9. Since vehicles are on the move so much, tall antennas are ideal for maintaining connectivity.

Antenna height is no longer a good indicator of performance in vehicles. Low-profile antennas have outstanding performance in a much smaller form factor than the kinds of antennas typically found on vehicles in the past. But a low-profile antenna also makes sense from a very practical point of view—antennas are easily damaged by trees, bushes, wind, people, tunnels, and other obstacles. Low-profile antennas are less likely to be damaged by those dangers, avoiding costly and time-consuming repairs.

10. Other than worrying about damage from trees, working with vehicular antennas is just like other IoT implementations, right?
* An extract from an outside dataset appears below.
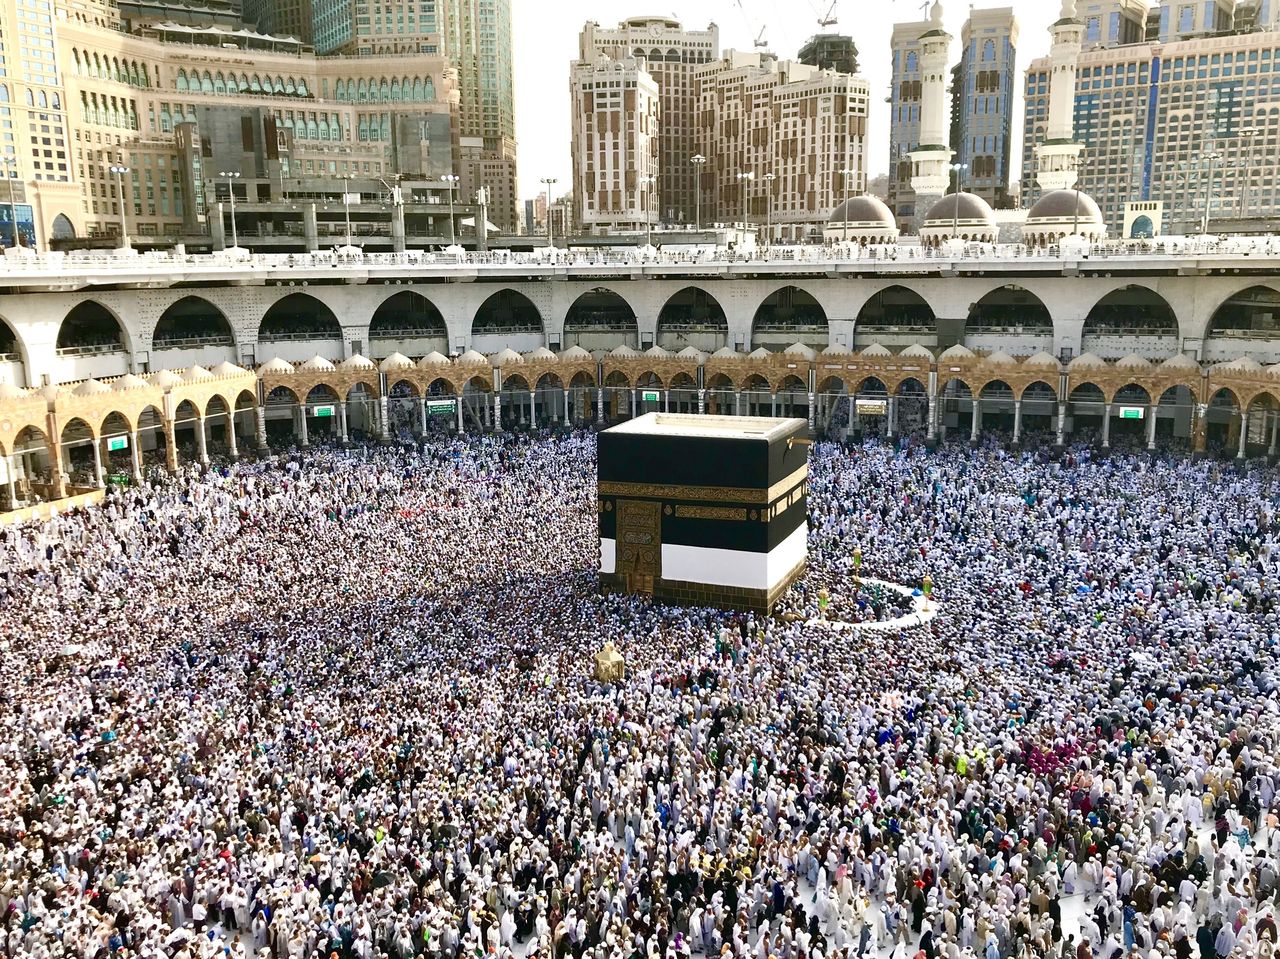 A pilgrimage to Mecca gathers hundreds of thousands of the faithful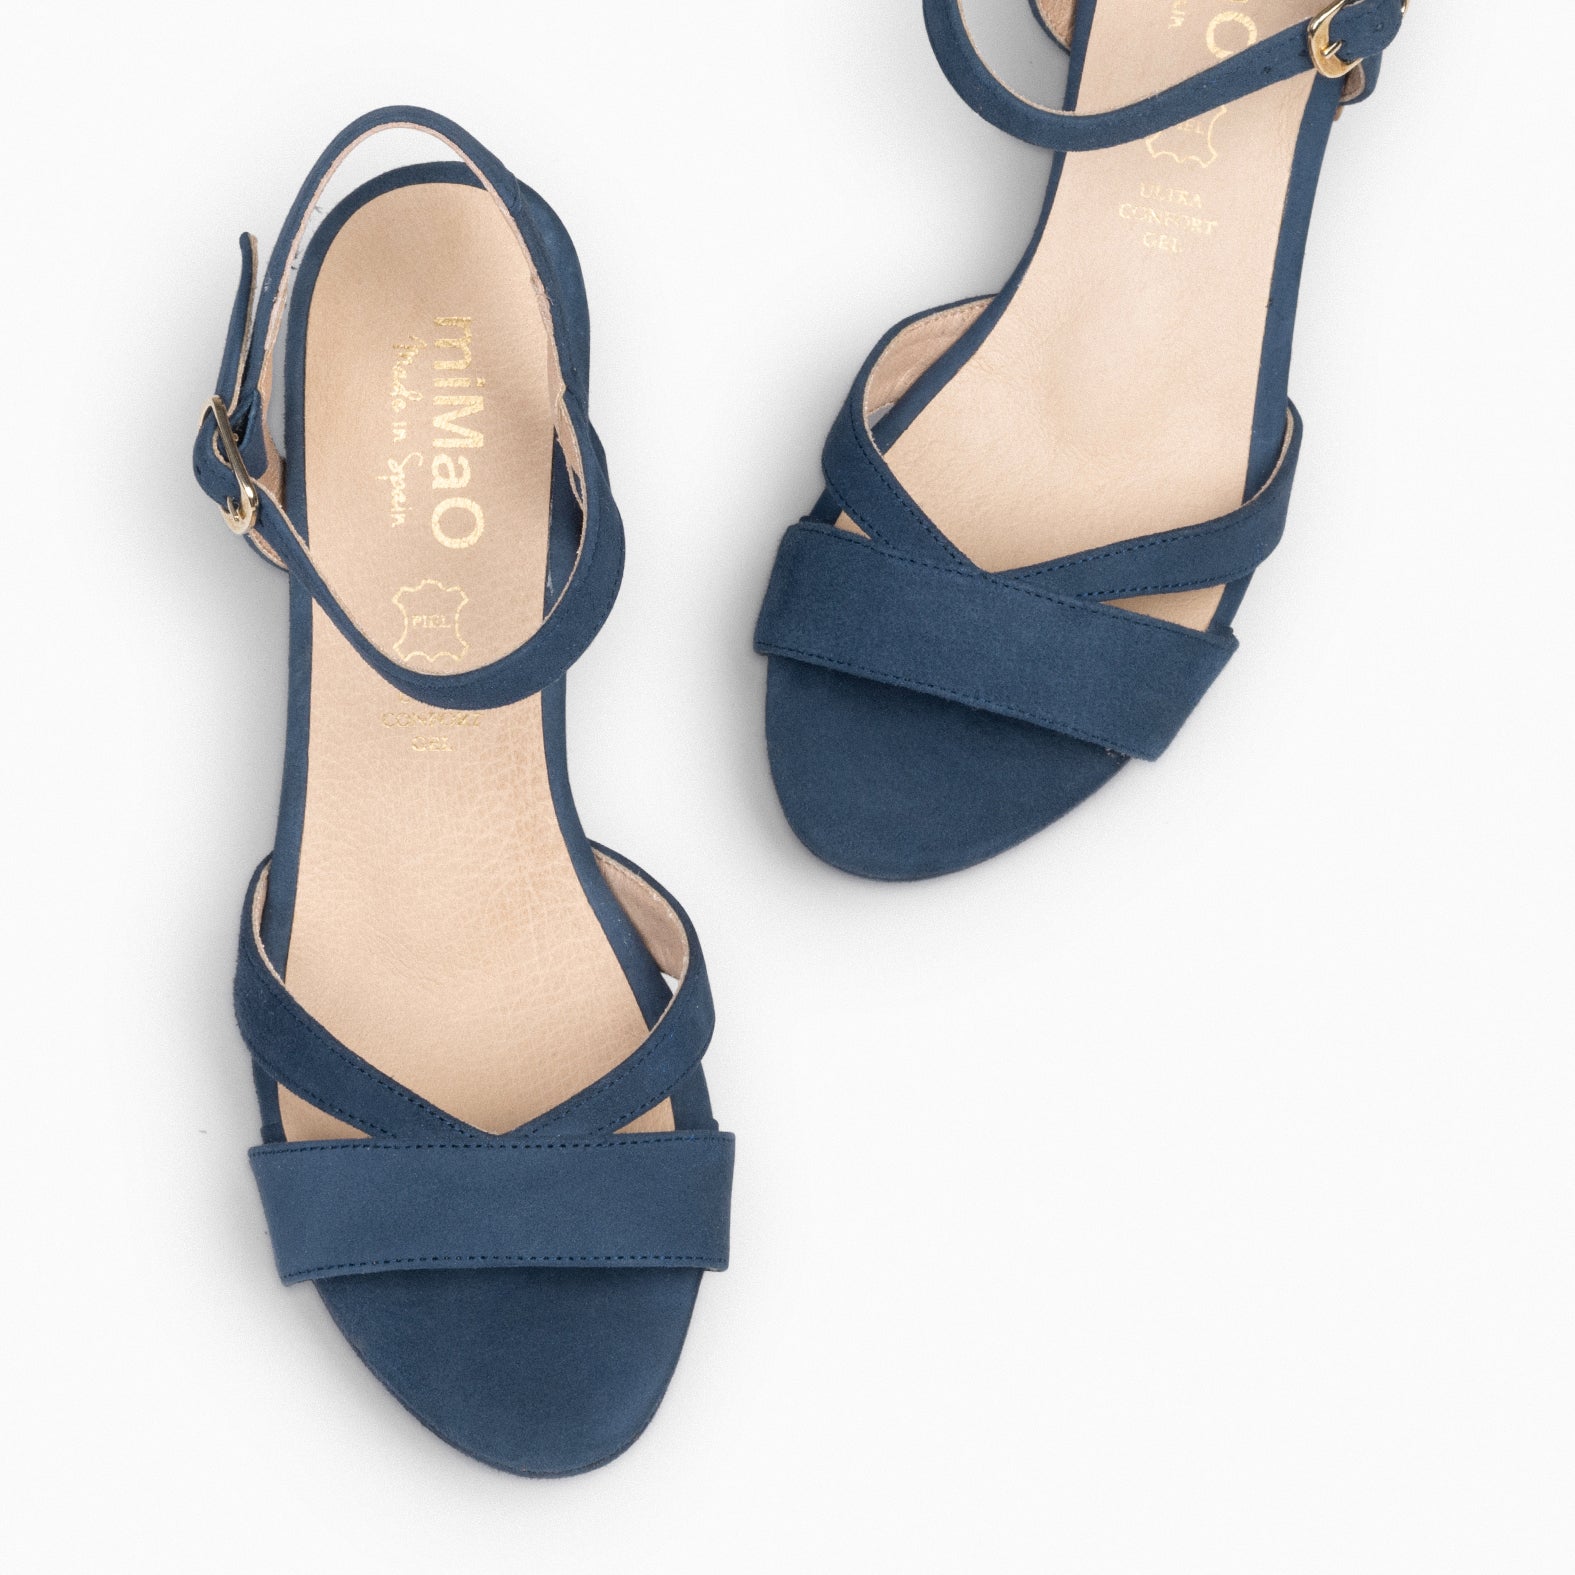 PARIS – NAVY high heel sandal with platform

There’s another issue to watch closely: Unless an engineer has worked on a number of wireless implementations in vehicles, they will likely be surprised at the cable lengths involved in vehicular IoT. Cables are much longer than in most other IoT projects, potentially leading to attenuation issues that impact performance. Engineers working on these projects should carefully choose components, cables, and antennas to mitigate attenuation.

11. If I don’t do work for a large vehicle manufacturer, it’s unlikely I’ll be involved in any vehicular IoT projects.

Yes, lots of wireless systems going into transportation vehicles are installed by the OEM in the factory where it’s originally assembled. But many of these systems are being installed in the aftermarket, with those projects led by engineering firms that work across a variety of industries rather than being vehicular specialists.

Wireless upgrades to first-responder vehicles, for example, are typically done by local engineering firms rather than the OEM. The same is true for wireless installations in trucking fleets that are already in service, mass transit vehicles that are in operation, etc. This is a fast-emerging category of IoT, and it requires a design and engineering strategy that’s tuned to the specific challenges of implementing IoT in vehicles.

Ted Hebron is Senior Product Manager for Laird Connectivity.